Query Expansion with LLMs: Searching Better by Saying More

Query expansion has long been a go-to technique for supercharging search systems, though it's taken a backseat since semantic embeddings came onto the scene. While some might think it as outdated in our current landscape of RAG and agentic search, don't count it out just yet. In this deep dive, we'll explore how combining automatic query expansion with jina-embeddings-v3 and LLMs can level up your search game and deliver results that really hit the mark.

tagWhat is Query Expansion?

Query expansion was developed for search systems that judge relevance by matching words from queries with documents that contain them, like tf-idf or other “sparse vector” schemes. That has some obvious limitations. Variant forms of words interfere with matching, like “ran” and “running”, or “optimise” vs. “optimize.” Language-aware preprocessing can mitigate some of these problems, but not all of them. Technical terms, synonyms, and related words are much harder to address. For example, a query for medical research about “coronavirus” will not automatically identify documents that talk about “COVID” or “SARS-CoV-2”, even though those would be very good matches.

Query expansion was invented as a solution.

The idea is to add additional words and phrases to queries to increase the likelihood of identifying good matches. This way, a query for “coronavirus” might have the terms “COVID” and “SARS-CoV-2” added to it. This can dramatically improve search performance.

Flowchart outlining a search engine's query expansion process, featuring a user's coronavirus query and related terms. — Figure 1: Query Expansion Flowchart with Thesaurus

It’s not easy to decide what terms should be added to a query, and there’s been a lot of work on how to identify good terms and how to weight them for tf-idf-style retrieval. Common approaches include:

Using a human-curated thesaurus.
Data-mining large text corpora for related words.
Identifying other terms used in similar queries taken from a query log.
Learning what words and phrases make good query expansions from user feedback.

However, semantic embedding models are supposed to eliminate the need for query expansion. Good text embeddings for “coronavirus”, "COVID" and “SARS-CoV-2” should be very close to each other in the embedding vector space. They should naturally match without any augmentation.

But, while this should be true in theory, real embeddings made by real models often fall short. Words in embeddings may be ambiguous and adding words to a query can nudge it towards better matches if you use the right words.
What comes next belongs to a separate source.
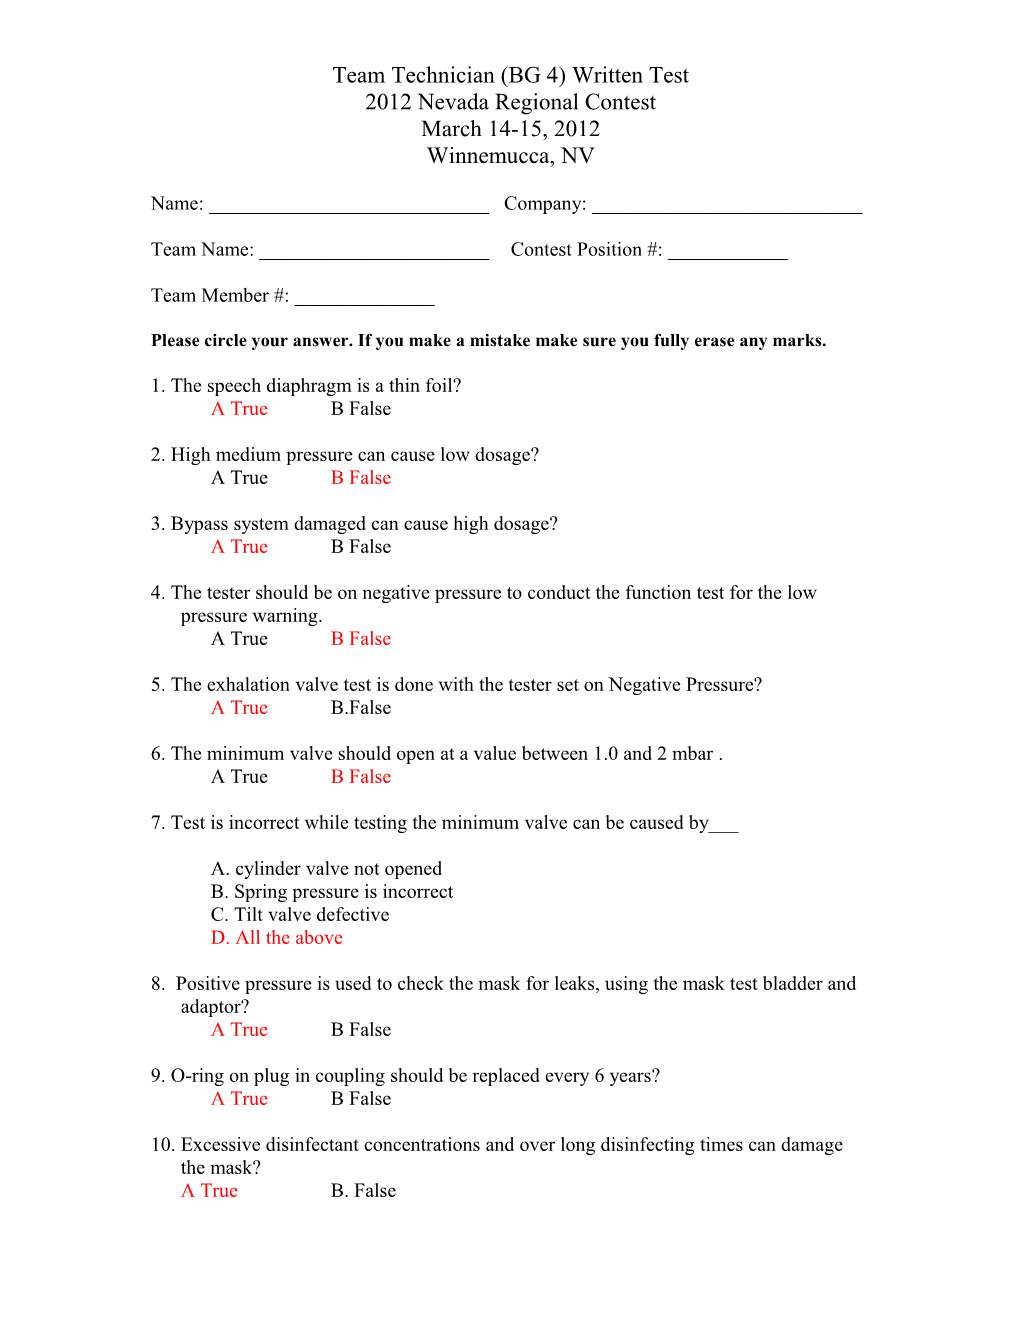 BG 4 Test Questions 1

For example, an embedding for “skin rash” might identify documents about “behaving rashly” and “skin creme” while missing a medical journal article that talks about “dermatitis.” Adding relevant terms will likely nudge the embedding away from unrelated matches toward better ones.

tagLLM Query Expansion

Instead of using a thesaurus or doing lexical data mining, we looked at using an LLM to do query expansion. LLMs have some important potential advantages:

Broad lexical knowledge: Because they’re trained on large, diverse datasets, there is less concern about selecting an appropriate thesaurus or getting the right data.
Capacity for judgment: Not all proposed expansion terms are necessarily appropriate to a specific query. LLMs may not make perfect judgments about topicality, but the alternatives can’t really make judgments at all.
Flexibility: You can adjust your prompt to the needs of the retrieval task, while other approaches are rigid and may require a lot of work to adapt to new domains or data sources.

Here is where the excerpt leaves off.